I had True and Brave back to back, and after I had Brave, I pretty much didn’t venture out of the house by myself. It was fine by me because I’m a total homebody and also I love to stick to routines and didn’t want to interfere with their nap schedules. My kids thrive on routine. Then, Soulie was added to the mix and leaving with 3 terrified me, so you can imagine what happened when we moved up to 4. They were all so little and all took naps, so I didn’t mind not leaving the house. Ben does the grocery shopping and I just send him a list of what I need.
Now, True, Brave, and Soul are bigger and no longer nap, so it’s just Glow who naps (two times a day: 9am-12pm and 2pm-5pm). With that, I’m noticing the need to go on more adventures together. To actually leave the confines of our home. It does them good and it does me good too. The idea of leaving with all 4 by myself doesn’t scare me as much (as much is the key word here). Glow won’t ever nap in the car, so it does mess her up a little, but planning quick adventures out and coming back home before traffic hits (see, it all revolves around traffic here) isn’t so bad.
True, Brave, and Soul are getting so curious about the world around them that it does them an injustice to coop them up at home all day, every day. These girls of mine need to get out and explore, so I’m working on trying to give them opportunities to do so. Plus, we live in southern California where the beach, desert, and mountains are all within an hour or less of where we live. I better take advantage, don’t you think?! And if for some reason, we aren’t able to leave the house on a particular day, I’m making sure they spend it in the backyard playing. Lately, they’ve been spending hours out there. Being outside, just reminds us that the world is so much more than just our little family and home. It’s easy to live in a cozy little bubble, but we need to be reminded that there really is a whole world out there and we need to live intentionally and we need to live life well. We need to love and serve others beyond our little family, and honestly, I really suck at teaching my children that.
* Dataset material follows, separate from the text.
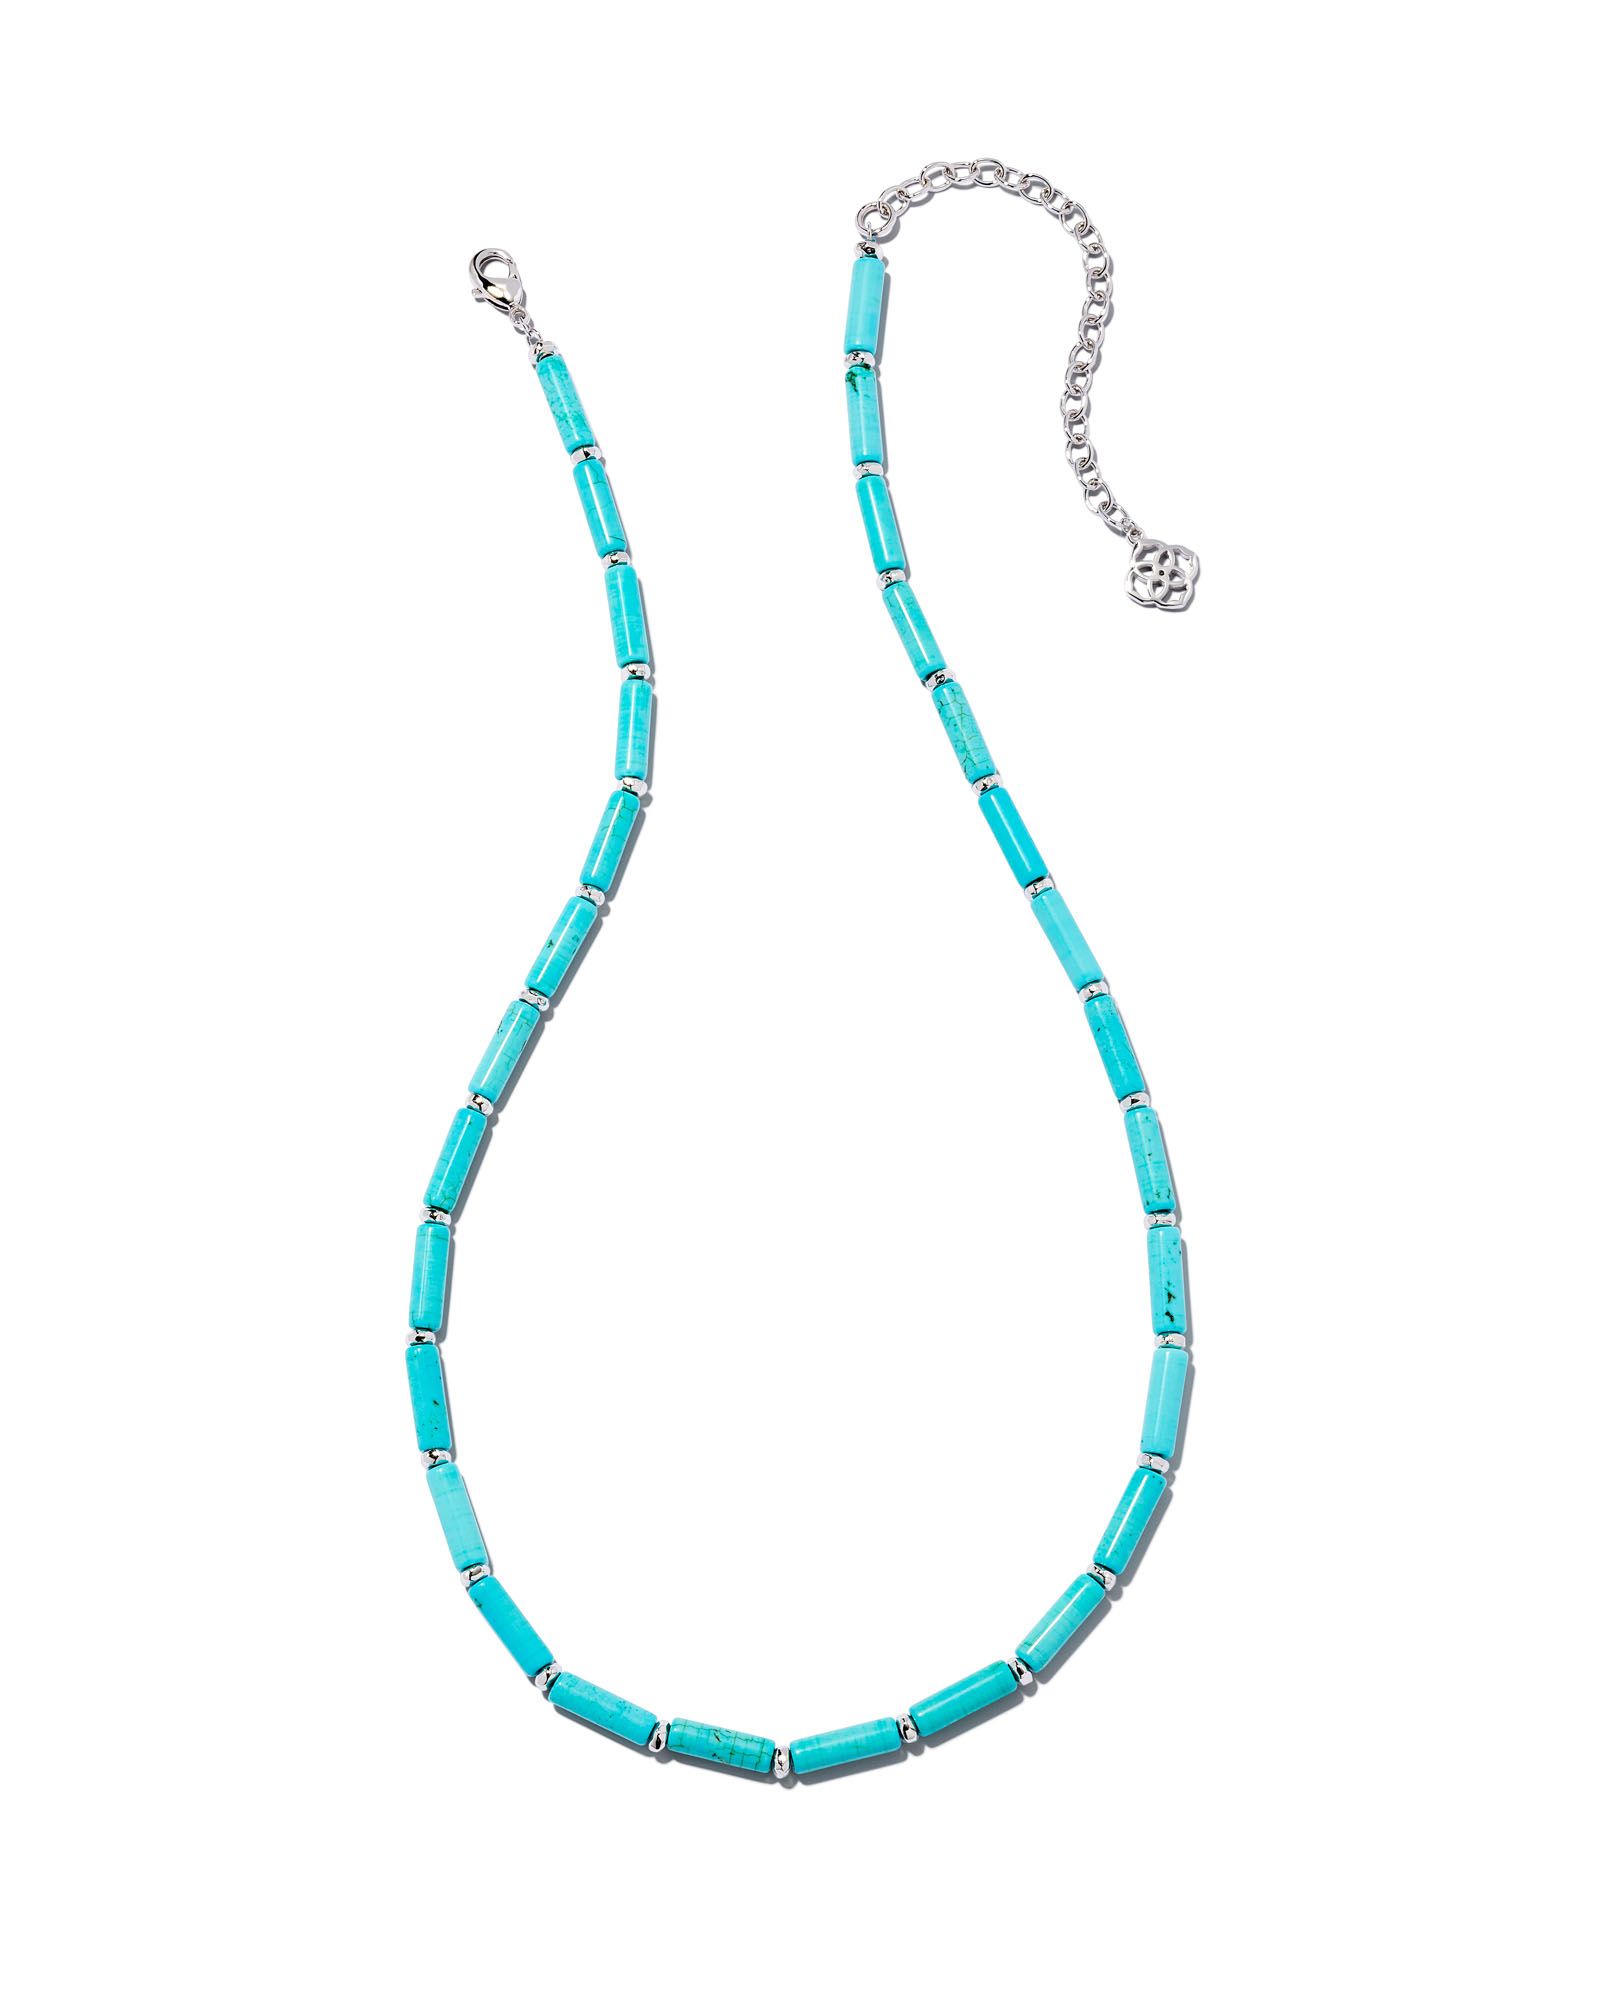 Ember Silver Strand Necklace in Variegated Turquoise Magnesite | Kendra Scott | Kendra Scott

I don’t always feel like I’m living life well or intentionally. It’s more like I’m just trying to survive my days (and keep my head above water until it’s time to go to bed), but it’s something I need to keep in mind and work on. Sometimes a post about going to beach, turns into a little reflection. This is to remind myself… take the girls on more adventures and teach them how to serve others. I haven’t figured out exactly how to get better at both, but I’m working on it.
btw- they had a blast at the beach!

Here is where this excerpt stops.